Additionally, there are a full 13(!) teams getting 5th place or better votes.  Last week there were just 7.

Why the confusion?  There are a bunch of 1 and 2 loss teams, specifically 6 at 10-1 or 9-1 and 14 at 9-2 or 8-2.  Add that most of these teams have had high points and low points and you have plenty of reasons for a voter to argue for or against a team.

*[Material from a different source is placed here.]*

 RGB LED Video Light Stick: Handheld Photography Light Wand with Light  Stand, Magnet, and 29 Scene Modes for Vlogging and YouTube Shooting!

One thing we can do with this data is do head to head comparisons which can be interesting:

  • Arkansas is really not being challenged by Stanford or Oklahoma State.  They are ahead of Stanford 59 times with an average gap of 2.6 places, and ahead of Oklahoma State 58 times with an average gap of nearly 3 places.
  • Stanford and Oklahoma State are very close, Stanford ahead 31 times with gap of 2.4 and the other way 29 times with a 1.9 gap.  This could be important after the LSU/Arkansas game, especially if Georgia pulls the upset over whomever in the SEC title game.
  • Virginia Tech is ahead of Boise State 41 times with a gap of 4.5.  When BSU is ahead the gap averages 4.1.
  • BSU and Houston are very close, 30 times for each being ahead, BSU by 3.6 when they are and Houston by 3.9 when they are.

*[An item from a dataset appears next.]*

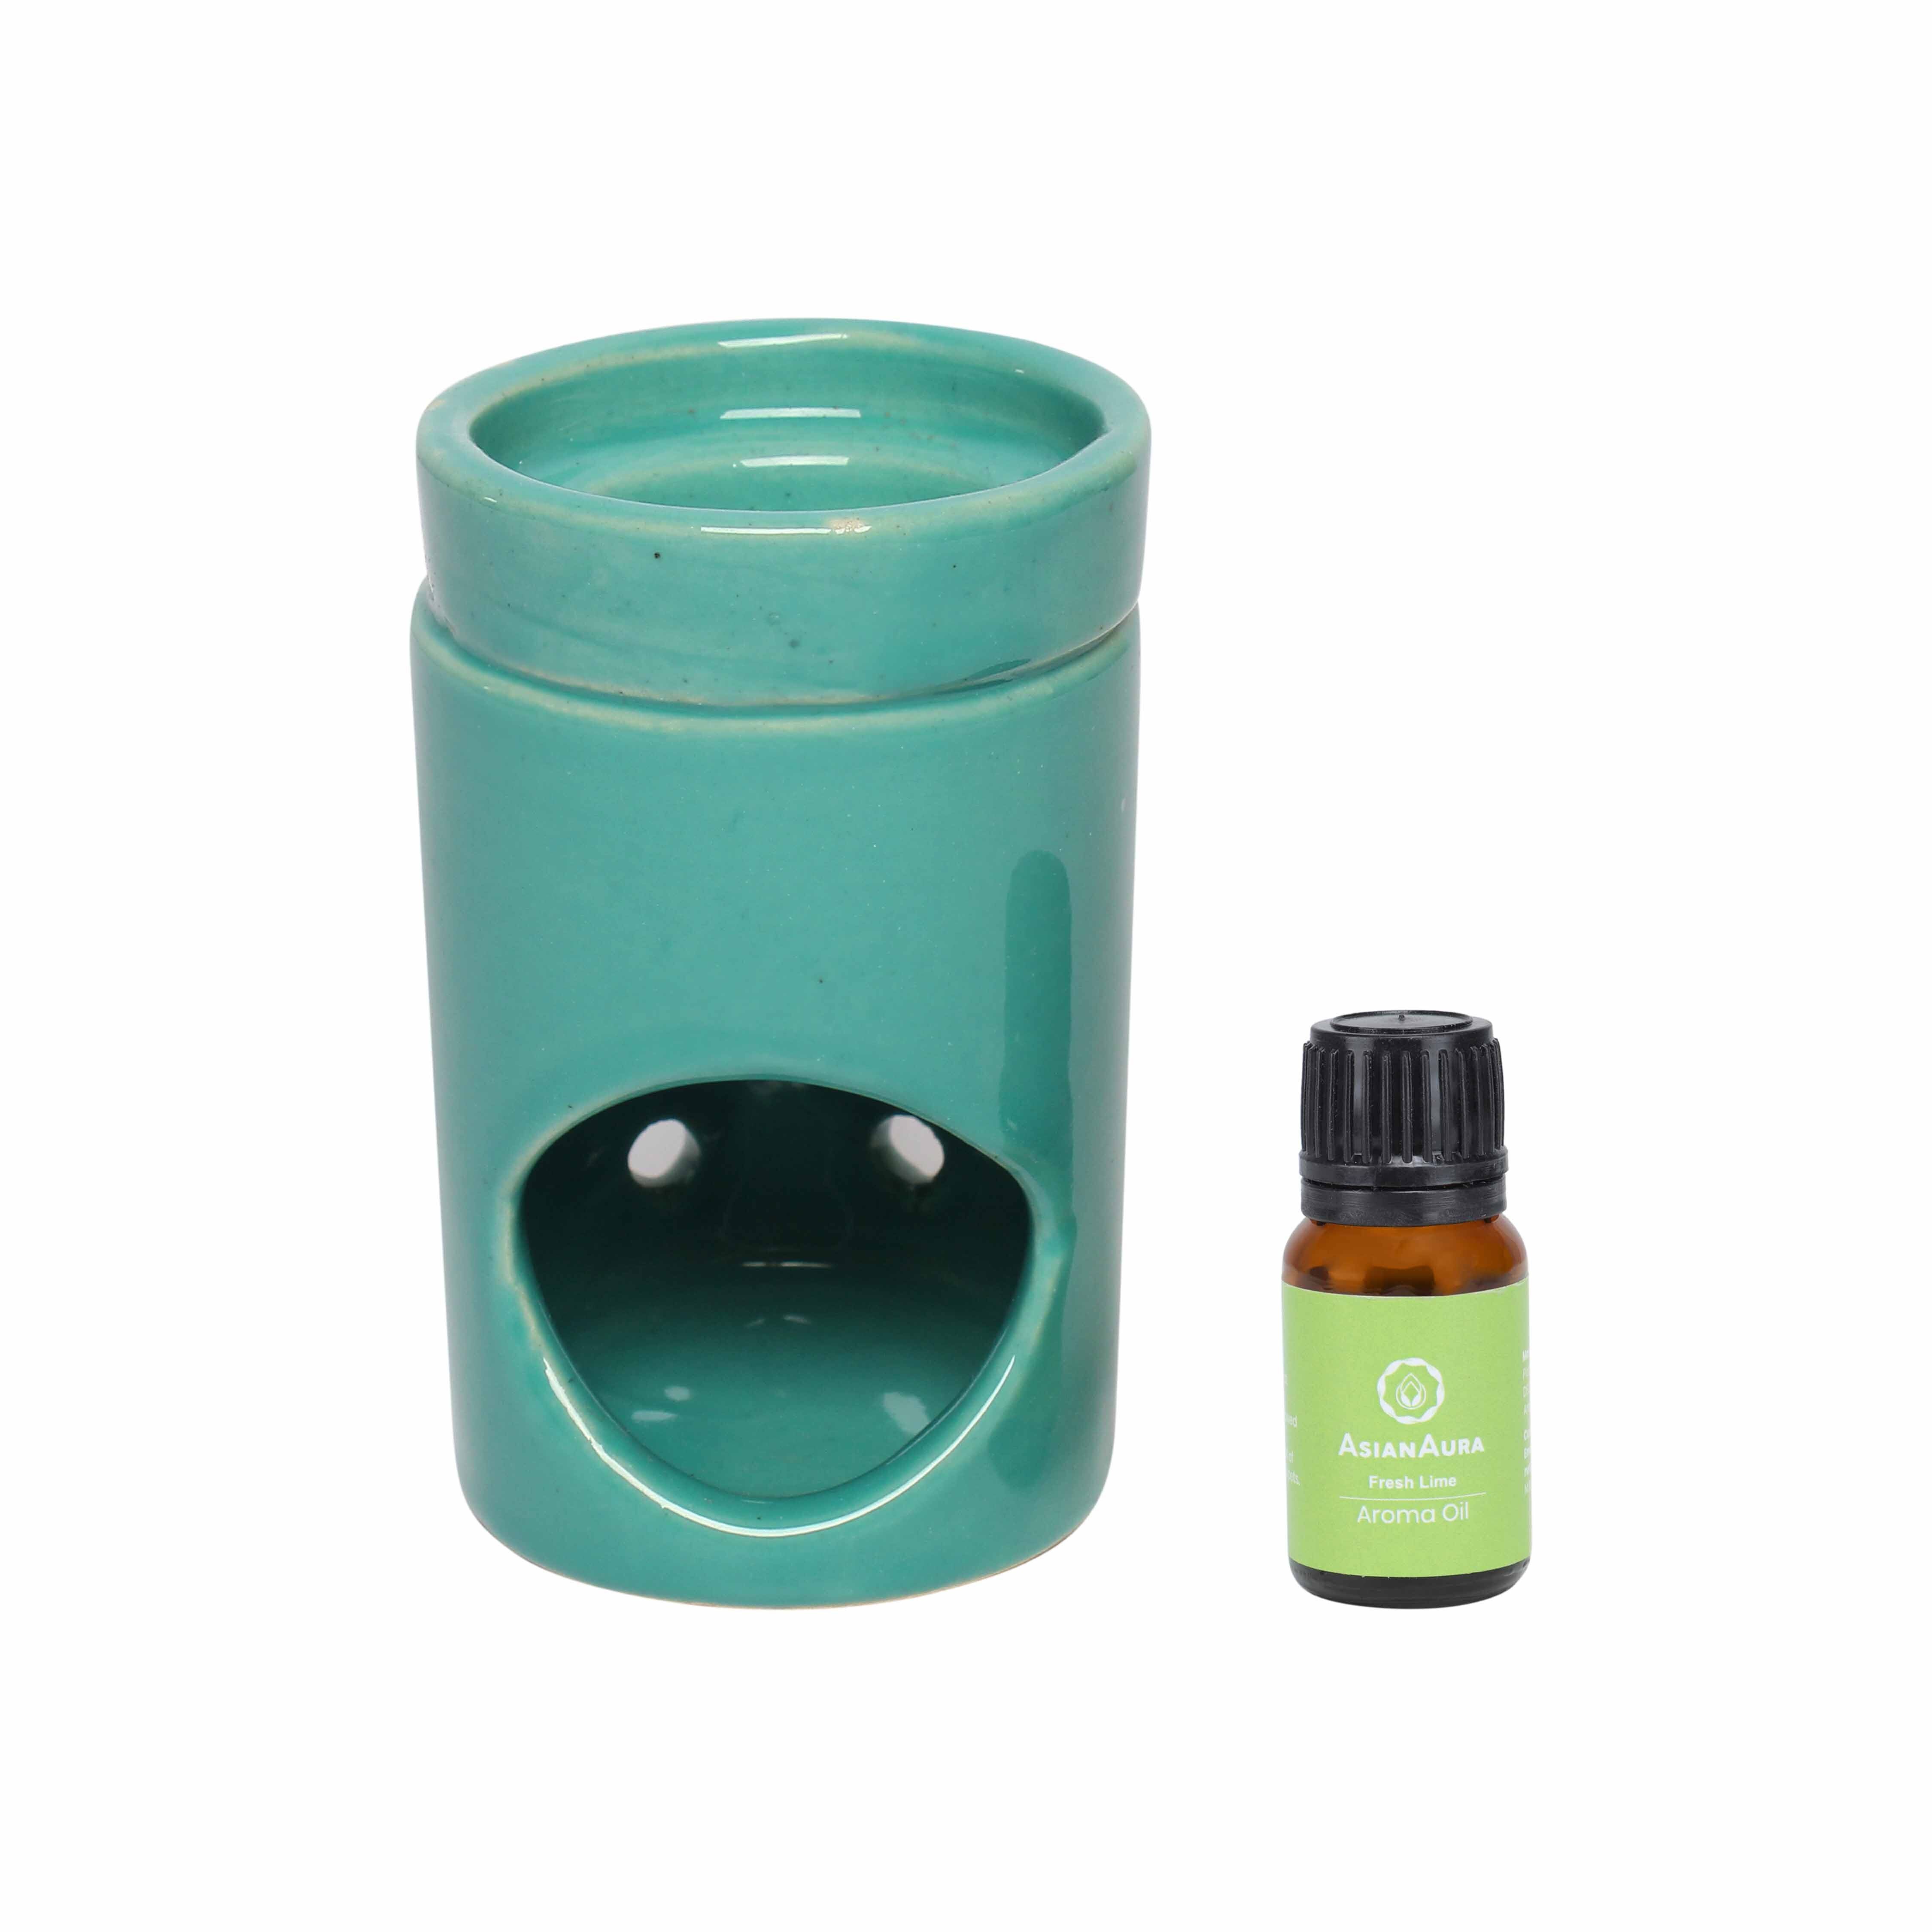 Asian Aura Ceramic Aromatic Oil Diffuser with 2 oil bottles AA-CB-0030-0030

Also, in looking at the votes and my computer's ratings, we can try to see if there are some suspicious votes:

  • I'm not sure why Arkansas has suddenly become the darling to vote #3.  Yes, they are in the SEC West with clear #1/#2 LSU and Alabama, but they've only played one of them so far and lost by 24, and they have the 2nd weakest schedule of any team in the SEC and #45 in FBS.  If my computer is right, don't expect them to stay here.  My computer has them #6.
  • Stanford at #4 also seems a bit high with the 2nd weakest schedule in the Pac-12 and #44 in FBS.  And they needed a little luck and OT in one of their tough games, and convincingly lost their other.  My computer has them #8.
  • Oklahoma State manages to fall to just #5 which isn't bad, but one can easily make the argument they should be higher than Arkansas and Stanford.  Unlike those teams, they have a strong schedule, #15 in FBS, and their only loss was on the road hours after a tragedy at their university.  Their loss was to a worse team though, my #49 Iowa State while Arkansas lost to my #2 Alabama and Stanford lost to my #4 Oregon.
  • Virginia Tech seems exceedingly high at #5, and their spot is where a lot of the lack of clarity begins.  They have a middle of the road schedule within the ACC (5th toughest of 12), but it is only #61 in the FBS, their out of conference schedule including FCS Appalachian State, East Carolina (#86), Arkansas State (#66), and Marshall (#91).  And they've only played 2 conference opponents with a record better than 6-5, and they lost badly in one (Clemson 23-3) of those.  My computer is not impressed ranking them #24.
  • Houston is another darling since they have managed to stay undefeated, but their schedule pales even next to Virginia Tech's and being #8 is questionable.  Their schedule is #119, near the very bottom of the FBS teams.  Only one of their opponents, 7-4 Louisiana Tech, has a record better than 6-5, and their only conference opponent with even a winning record thus far was 6-5 SMU.  My computer has them #16.

Look for more soon on what biases there may be in the voting.